1.) In reality I will have 4 files, in different series, created at the same time, in one directory. What's the best way get watchdog to run the code on file creation for all 4 files at once?

2.) When the code is running for one file, how do I get watchdog to begin processing the next file in the same series without waiting until processing for the previous file has completed. This is necessary because the files are particular and I need to pause the processing of one file until another file is finished, but the order in which they are created may vary.
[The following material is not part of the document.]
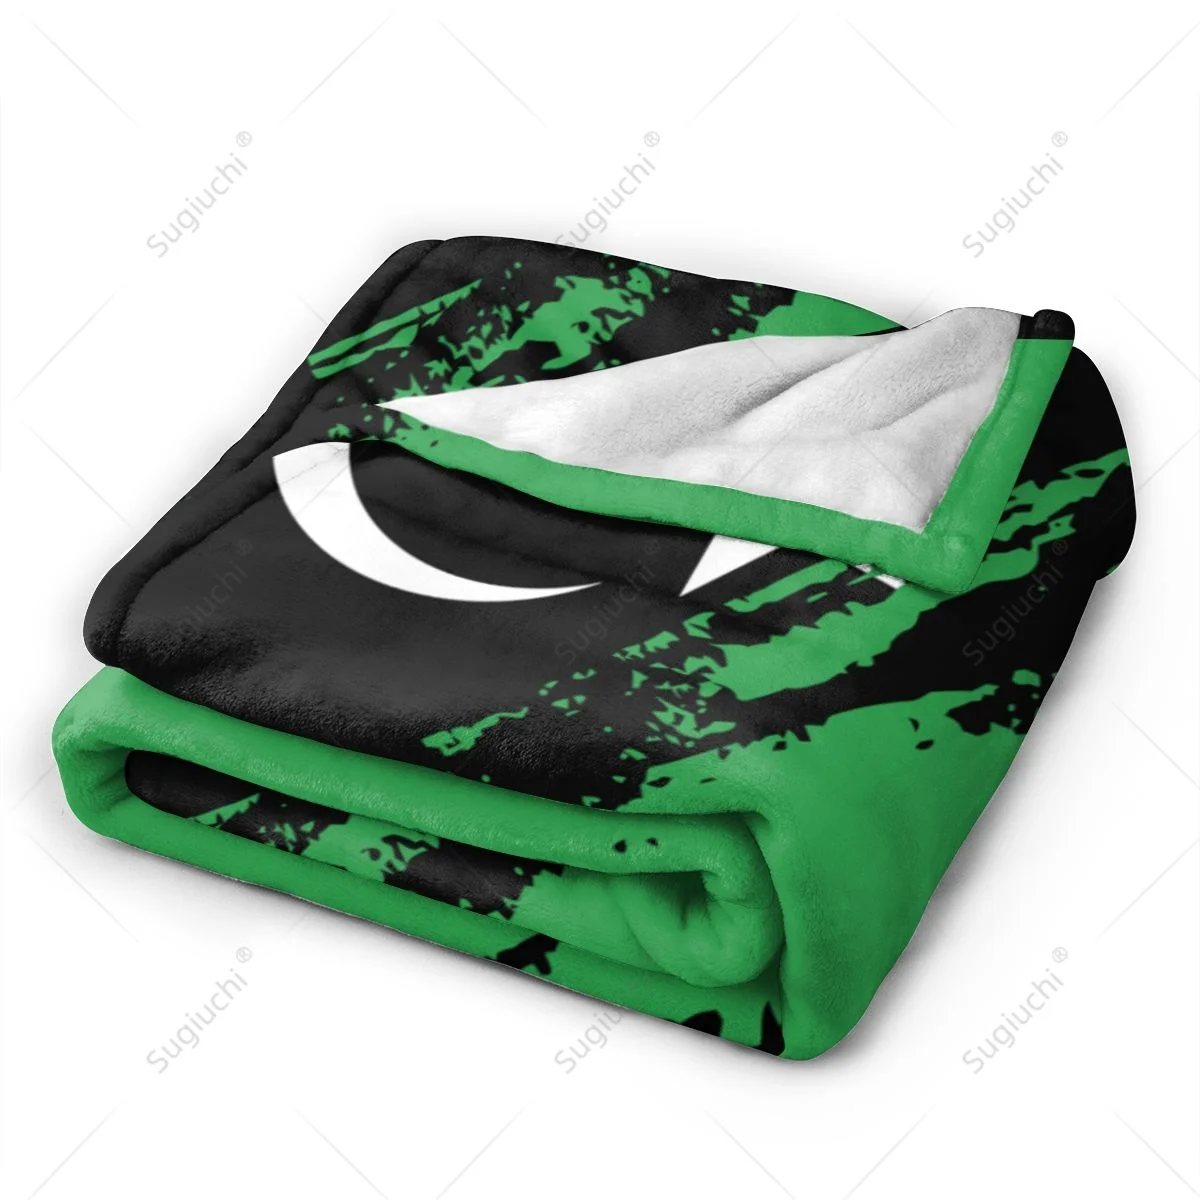 Фланелевое одеяло цвета Флага Ливии, Многофункциональный чехол для кемпингового дивана, сохраняющий тепло

Do I need to combine my watchdog with multiprocessing or threading somehow? Or do I need to implement multiple observers? I'm kind of at a loss. Thanks for any help.

class MonitorFiles(FileSystemEventHandler):
    '''Sub-class of watchdog event handler'''

    def __init__(self, config=None, log=None):
        self.log = log
        self.config = config

    def on_created(self, event):
        file = os.path.basename(event.src_path)
        self.log.info('Created file {0}'.format(event.src_path))
        dosWatch.go(event.src_path, self.config, self.log)

    def on_modified(self, event):
        file = os.path.basename(event.src_path)
        ext = os.path.splitext(file)[1]
        if ext == '.fits':
            self.log.warning('Modifying a FITS file is not allowed')
            return

    def on_deleted(self, event):
        self.log.critical('Nothing should ever be deleted from here!')
        return      

Main Monitoring

def monitor(config, log):
    '''Uses the Watchdog package to monitor the data directory for new files.
    See the MonitorFiles class in dosClasses for actual monitoring code'''

    event_handler = dosclass.MonitorFiles(config, log)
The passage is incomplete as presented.